Up until interest rates started increasing in 2022, gilts, for me, had offered a poor income return for someone who was looking for income in retirement from a majority though not all of a portfolio, ever since I’d been retired in 2018 and also for a number of years before that - at one point I’d been about to actively short U.K. gilts but the particular etf I was going to use was withdrawn. I might have made a fortune from that process, although I had been looking to short them for a good while before they plummeted so my patience would have been severely tested, as well as my losses on the withdrawn etf !
However from 2022 and particularly Autumn 2022 to date, their whole appeal has completely changed.

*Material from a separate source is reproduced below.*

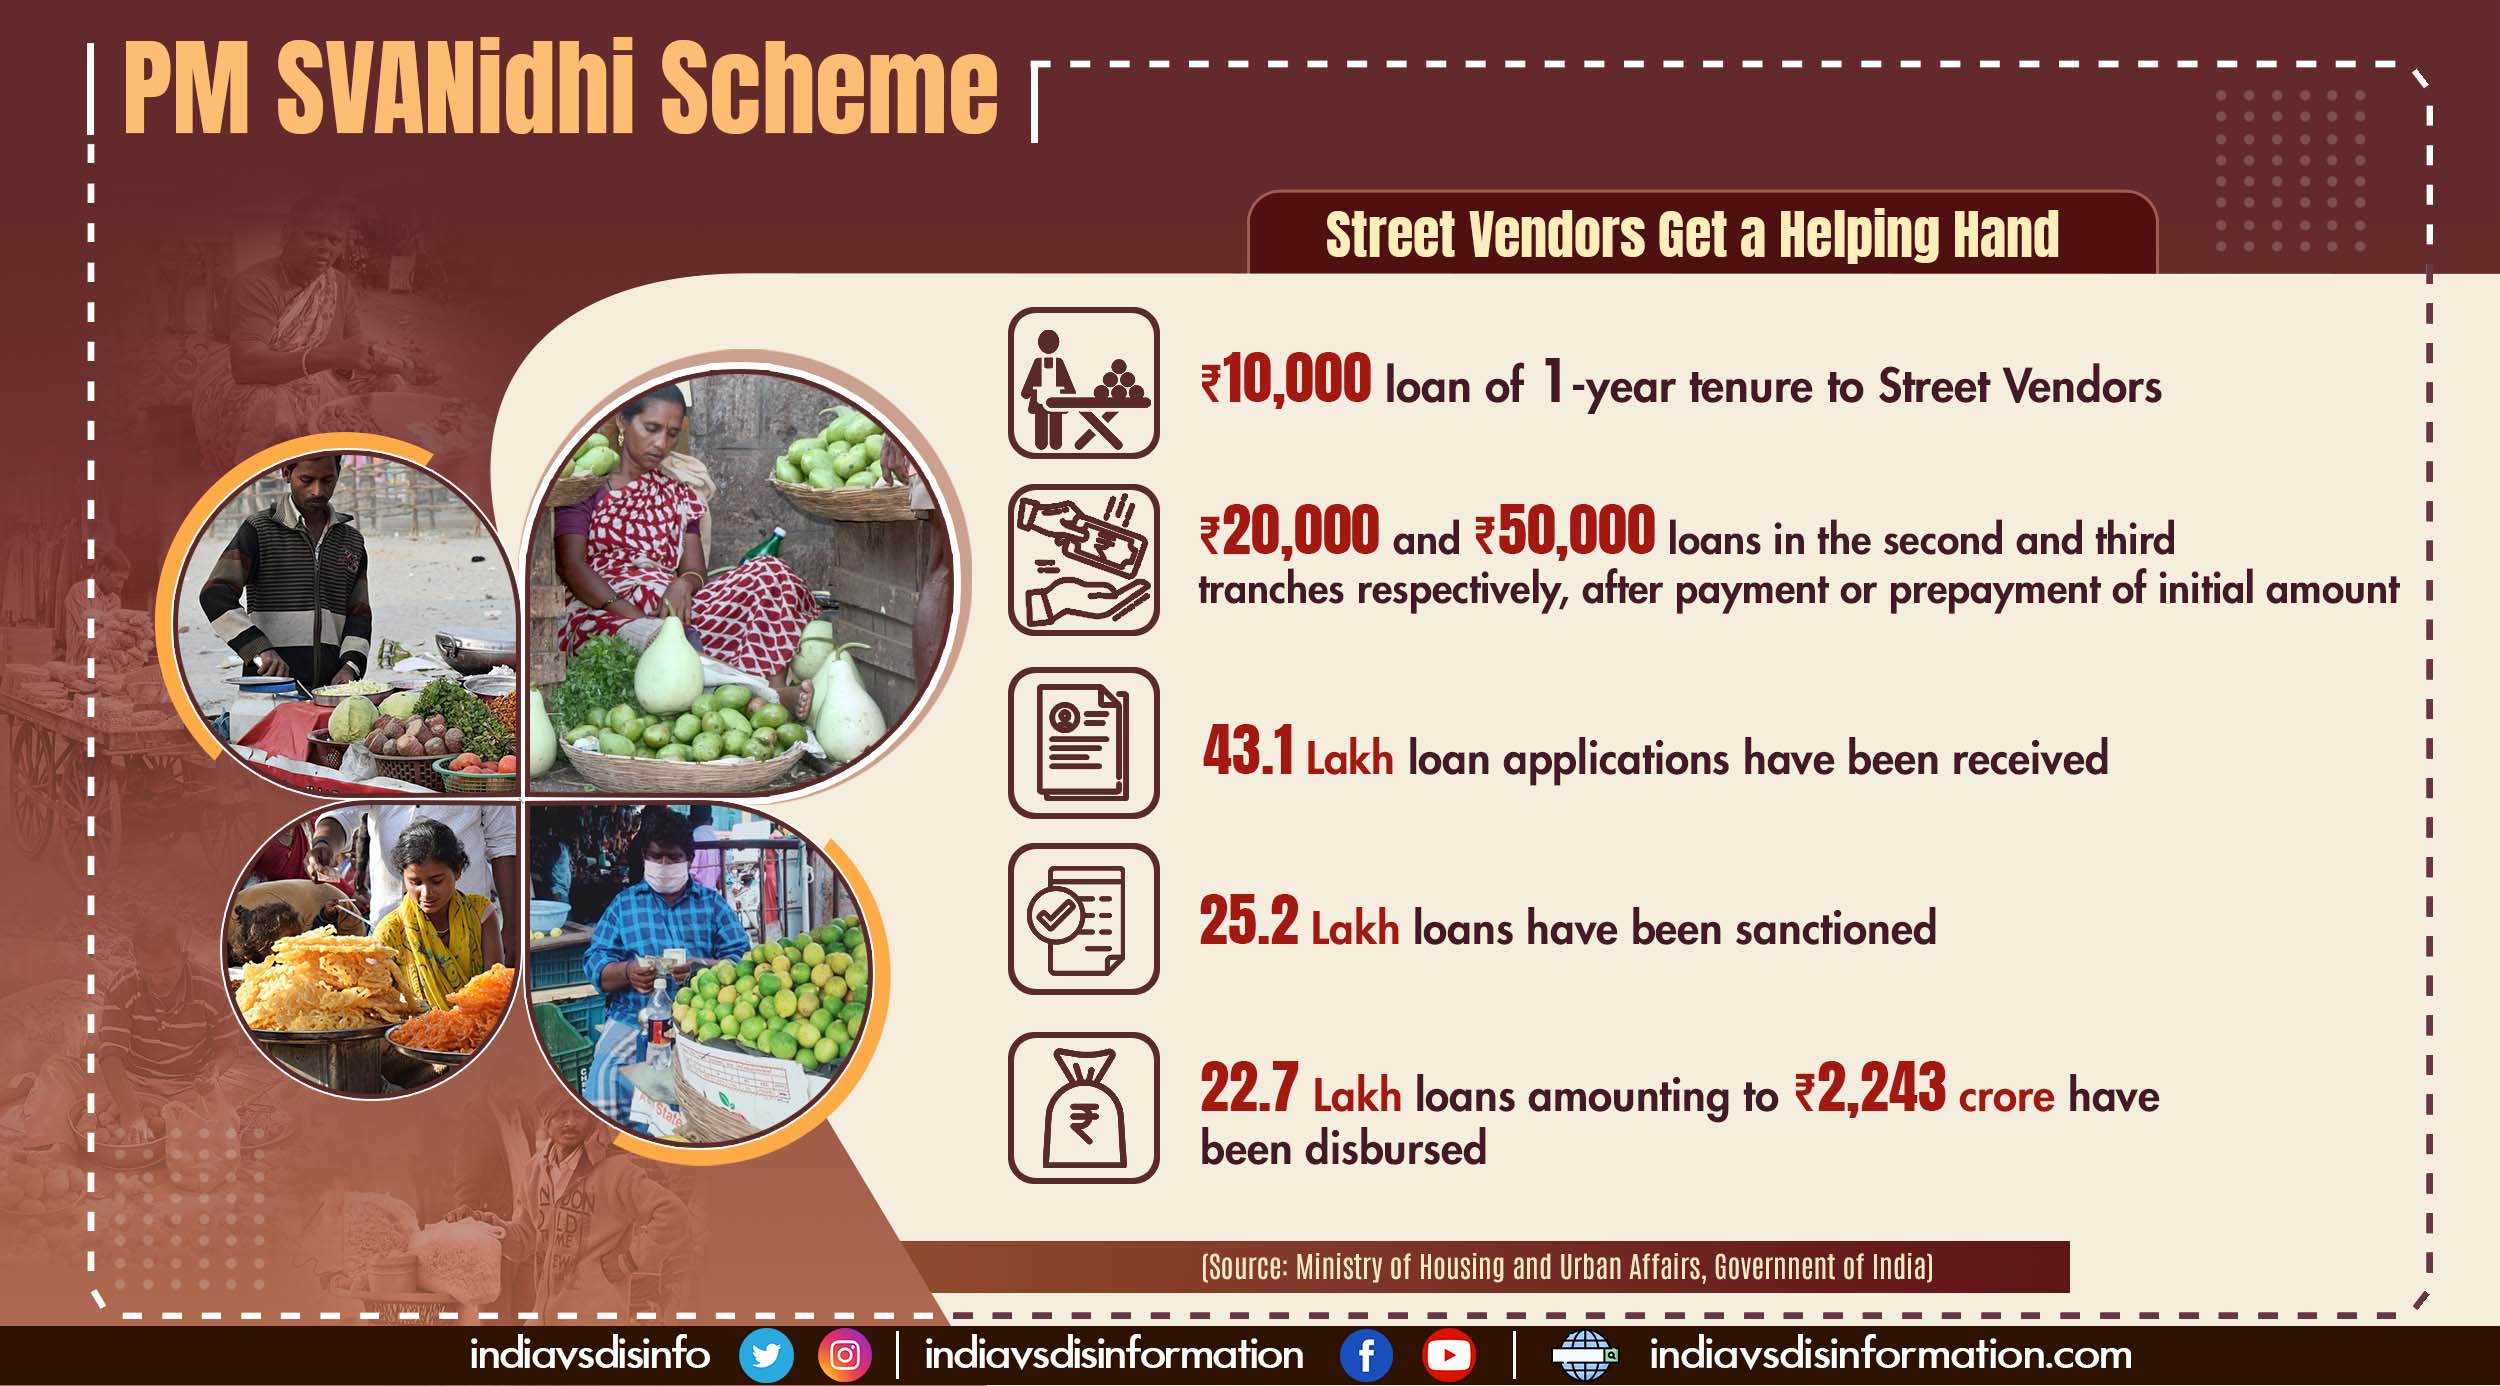 PM SVANidhi Scheme: Helping street vendors get back on their feet

I was able to buy at different times, locked in guaranteed rates of annual returns (whether income or capital uplift) of 4-5.5% over the purchases of the last year, something which had not existed for many years.
I view the return as guaranteed and 99.9% safe as I am prepared to wait till maturity on all of them, though I might sell some of them if interest rates really fell significantly and capital values therefore increased (as some purchases have already done to modest extents). They are very easy to deal on the platforms I use, being large mainstream providers. Simple to understand and calculate returns. The risk of default is virtually nil (if HM Govt did default, I suspect we’d be facing existential circumstances anyway).
Having read a bit about it, for the plain vanilla gilts (not the index linked ones), there really is no great science nor difference between which one you actually pick - I have a variety of different maturing years and coupon rates, all held within a SIPP or ISA, so the capital gains or income uplifts are mostly irrelevant, it’s all total return in my case. The yields for those maturing within months or a very short number of years of one another are virtually identical, safe for small differences that make no difference to me - the differences become more significant the longer the maturity dates, but as I have said, all of mine have been bought locking in broadly similar rates of annual return within 1% of each other and I am prepared to wait till maturity on any further price drops which can happen on longer dated gilts. I have some very low coupon rates but more of the higher coupon ones (though the overall returns will be broadly the same) as the higher coupon ones will produce an annual income, as opposed to the capital uplift of the low coupon ones, and I will use the income to fund cash withdrawals from the sipp/Isa on an annual basis for living expenses etc.
So I do find the process quite simple and prefer dealing the individual gilts myself, as those close to one another in date maturities all broadly move together, knowing the exact total and annual income returns have generated if I am prepared to hold to maturity. A gilt fund loses you something on charges and also it will buy and sell individual gilts as it sees fit, and will yield lower on annual income payouts than I can generate doing it this way.
I hope you find the thought process useful.